Réunis pour la 41ème Assemblée Plénière à Brazzaville, du 8 au 14 avril 2013, nous, Évêques de la Conférence Épiscopale du Congo (C.E.C.), vous adressons à vous tous, prêtres, religieux et religieuses, fidèles laïcs du Christ, hommes et femmes de bonne volonté, ce message d’interpellation et d’espérance sur la situation sociale de notre pays.

1- En jetant un regard sur notre pays, le constat est qu’il y a une accumulation de maux ; que les valeurs humaines, ancestrales et chrétiennes d’équité, de justice, d’honnêteté, de loyauté, de pudeur, cèdent la place aux antivaleurs de corruption, d’incivisme, de déviances sexuelles, d’impunité, etc. Ces antivaleurs - déjà dénoncées dans nos messages antérieurs - restent virulentes, actuelles, nocives et interpellantes pour la société toute entière. Il faut, par ailleurs, signaler que l’Église n’est pas l’unique institution à faire ce triste constat et à proposer des pistes de réflexion.

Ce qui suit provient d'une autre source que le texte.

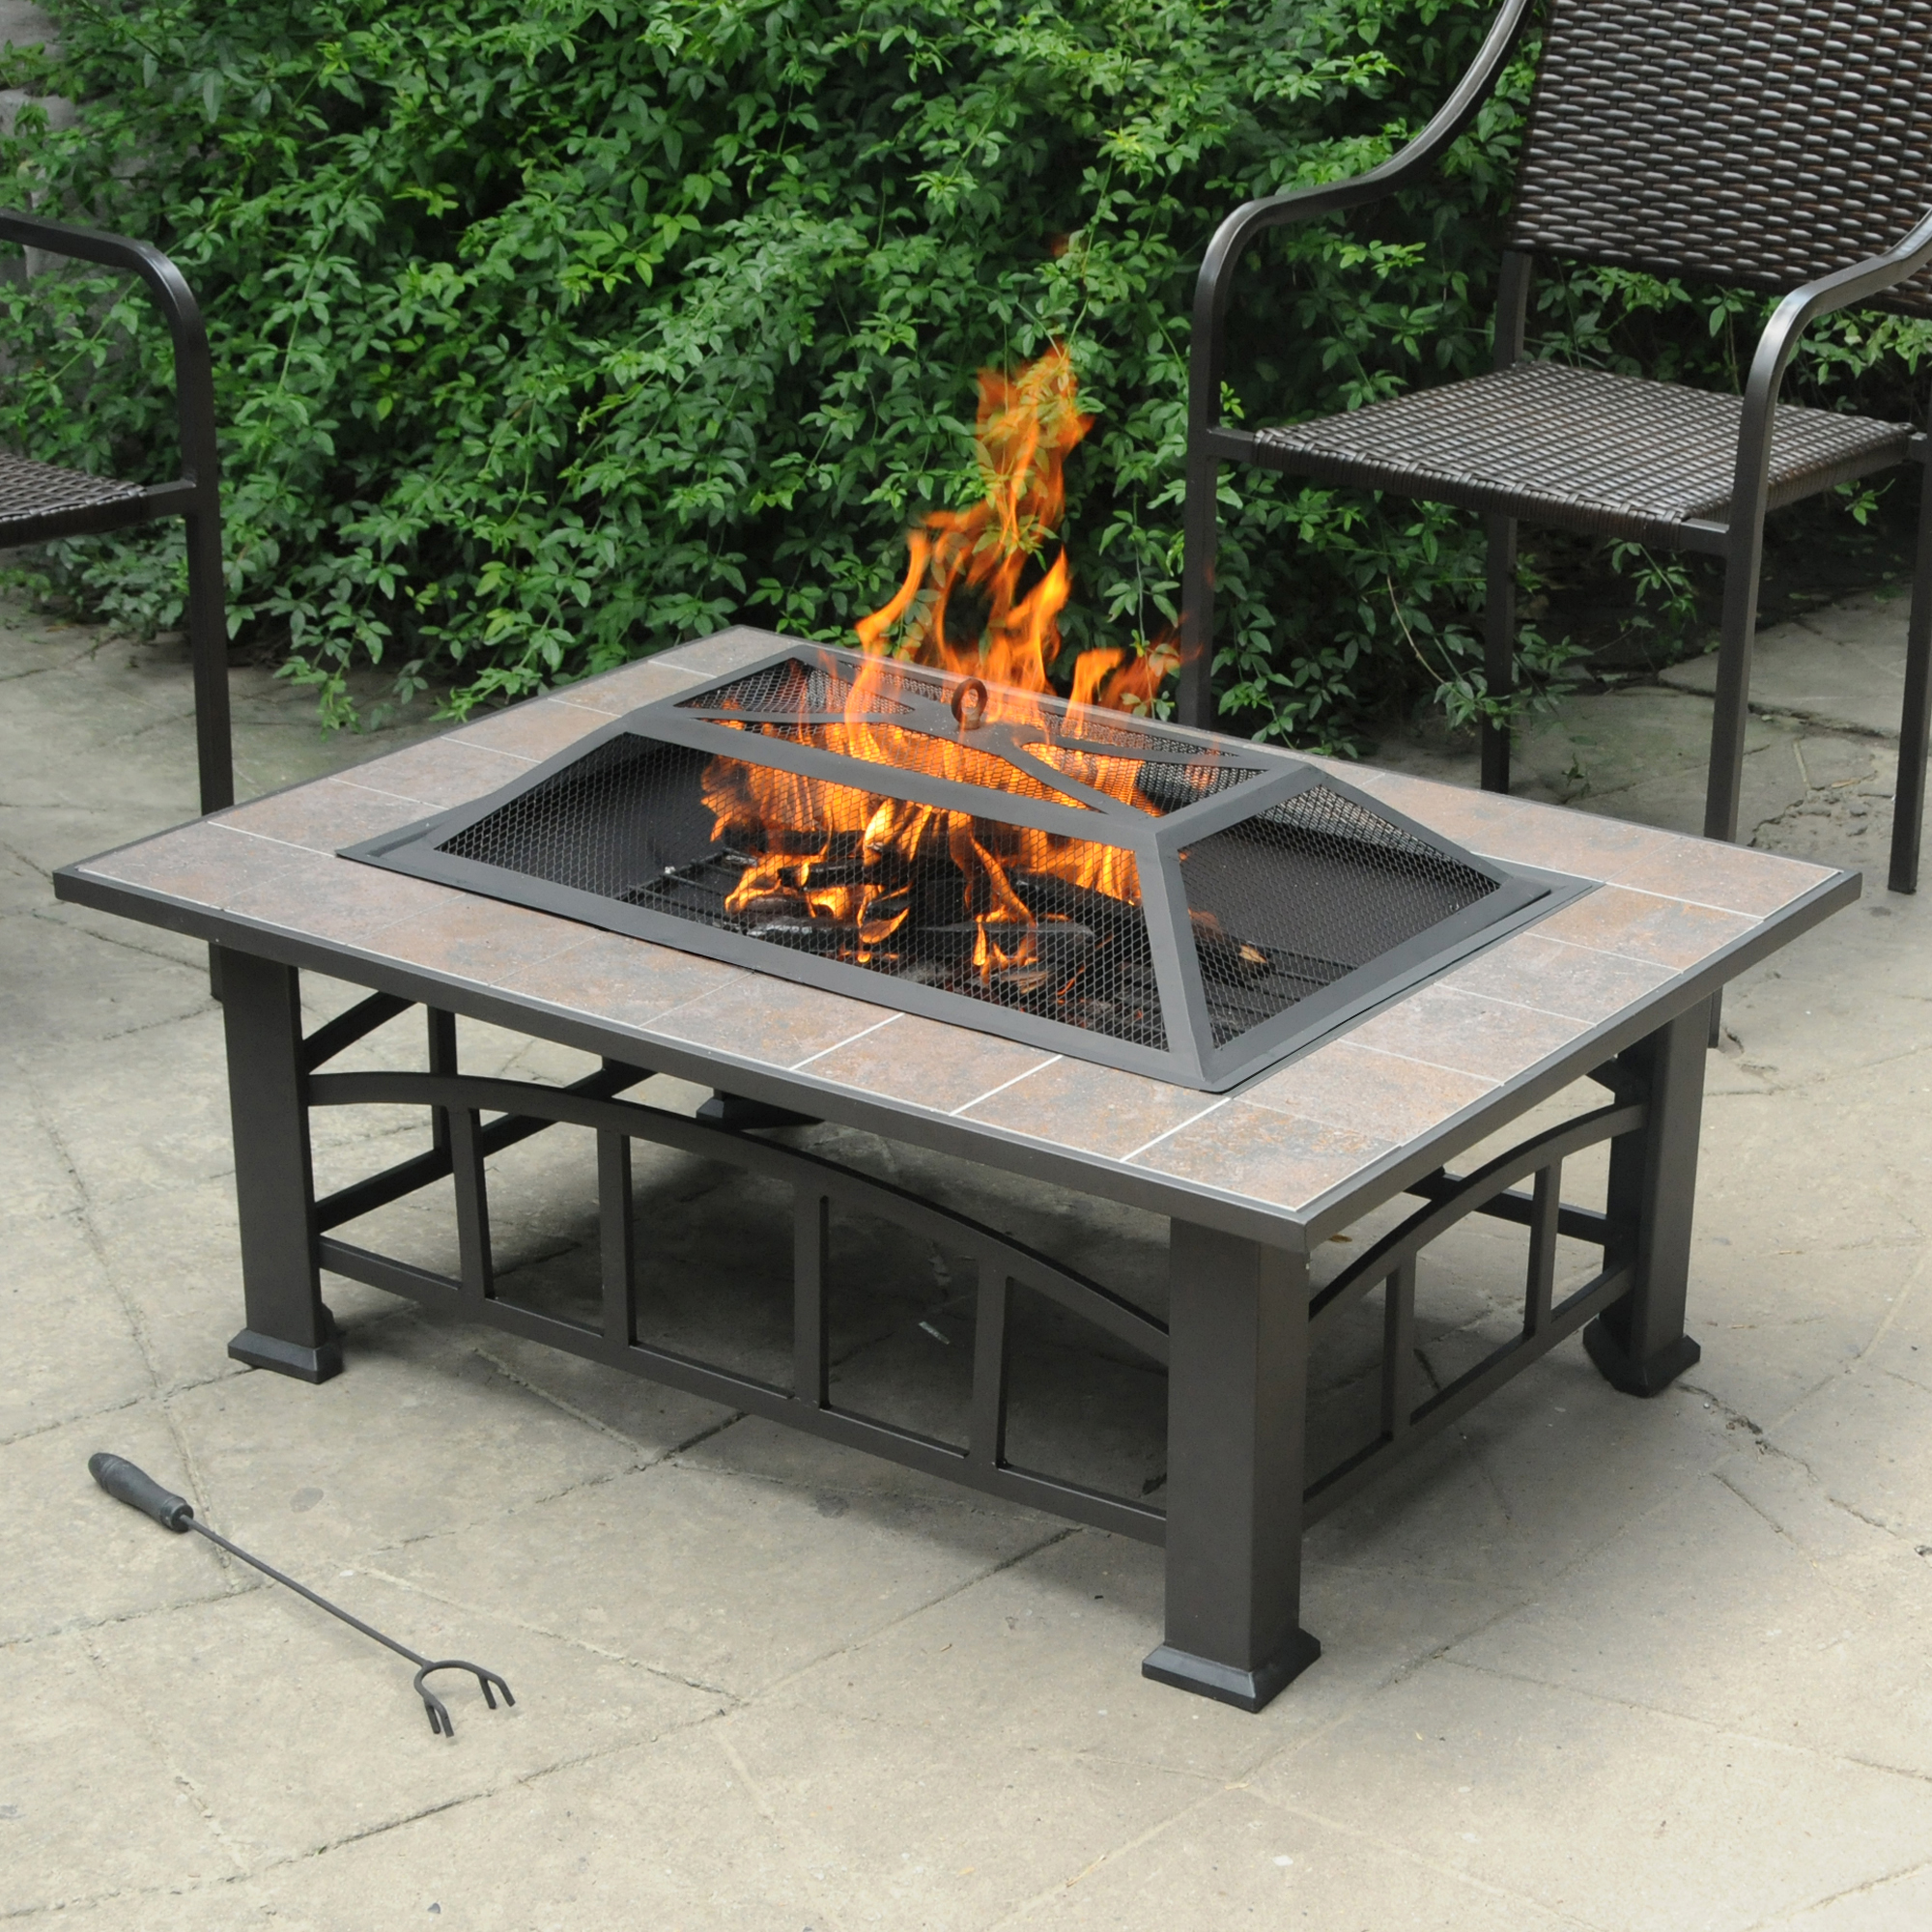 Axxonn Rectangular Tile Top Fire Pit, Brownish Bronze (37" x 28") wood burning Fire Bowl - image 1 of 5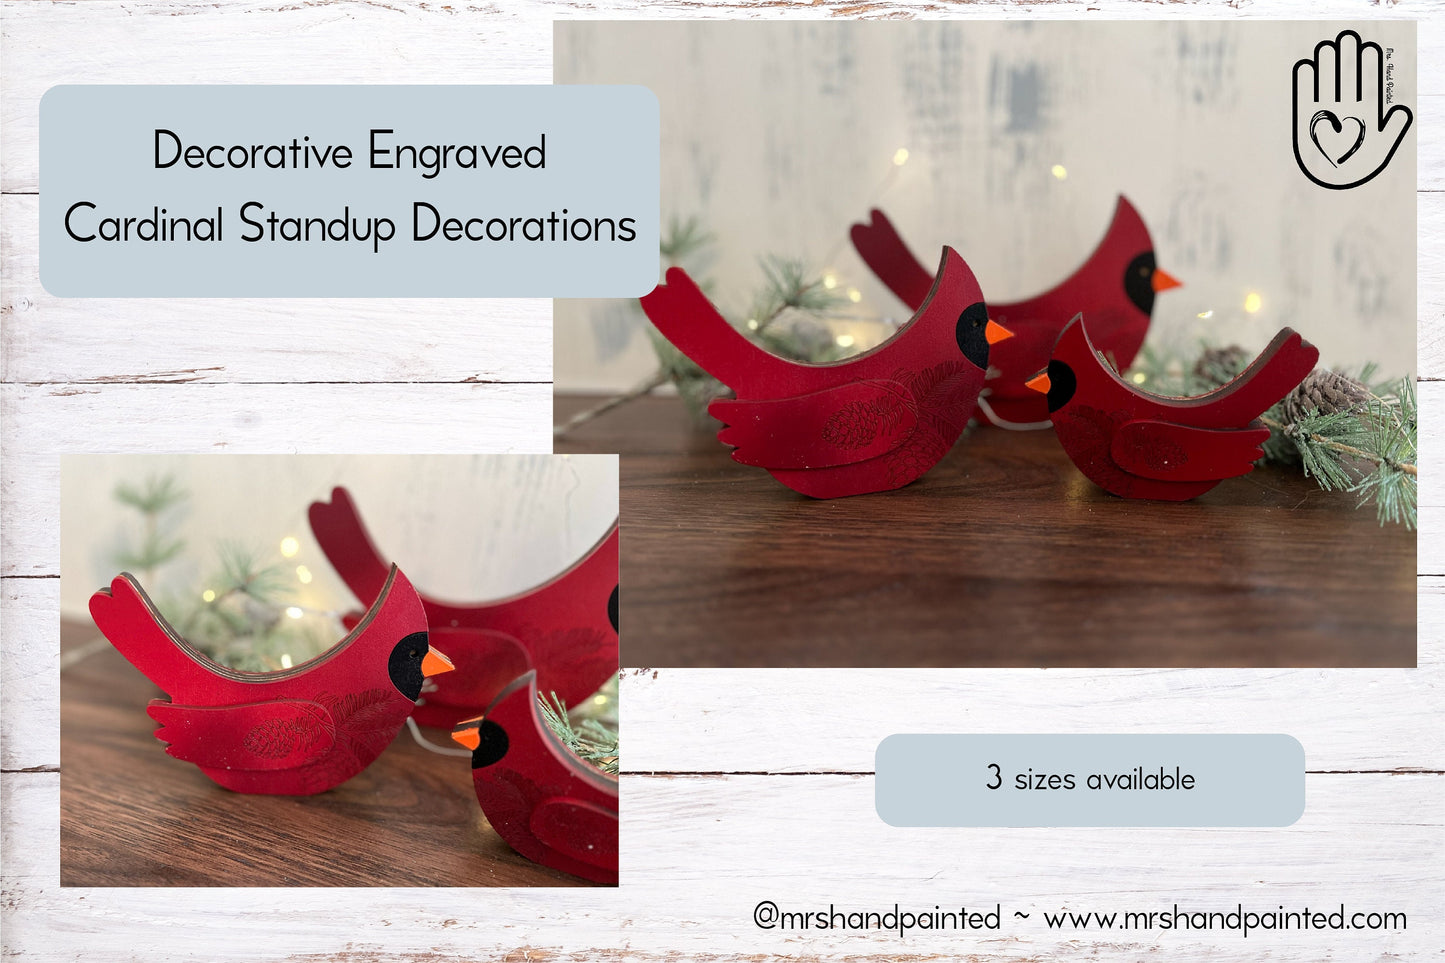 Decorative Engraved Standup Cardinal Decorations - Laser Cut Wood Décor

2- C’est pourquoi, en cette année de la foi, décrétée par le Pape Benoît XVI, nous venons vous inviter à une prise de conscience. En effet, une société qui ne se donne pas les moyens appropriés pour vaincre les maux dont elle souffre, court à sa propre ruine. L’Église en vertu de sa mission spécifique reçue du Christ ne peut rester silencieuse ni indifférente face à ce drame. Elle veut accomplir son humble service au monde et à la société, en proposant des principes de réflexion, des critères de jugement et des directives d’action qui relèvent de sa doctrine sociale, pour que les changements profonds que requièrent ces diverses situations de misère morale, soient accomplis pour le bien de tous . C’est aussi de cette manière qu’elle veut être lumière au milieu du monde (cf. Is 49,6 ; Mt 5,13-14).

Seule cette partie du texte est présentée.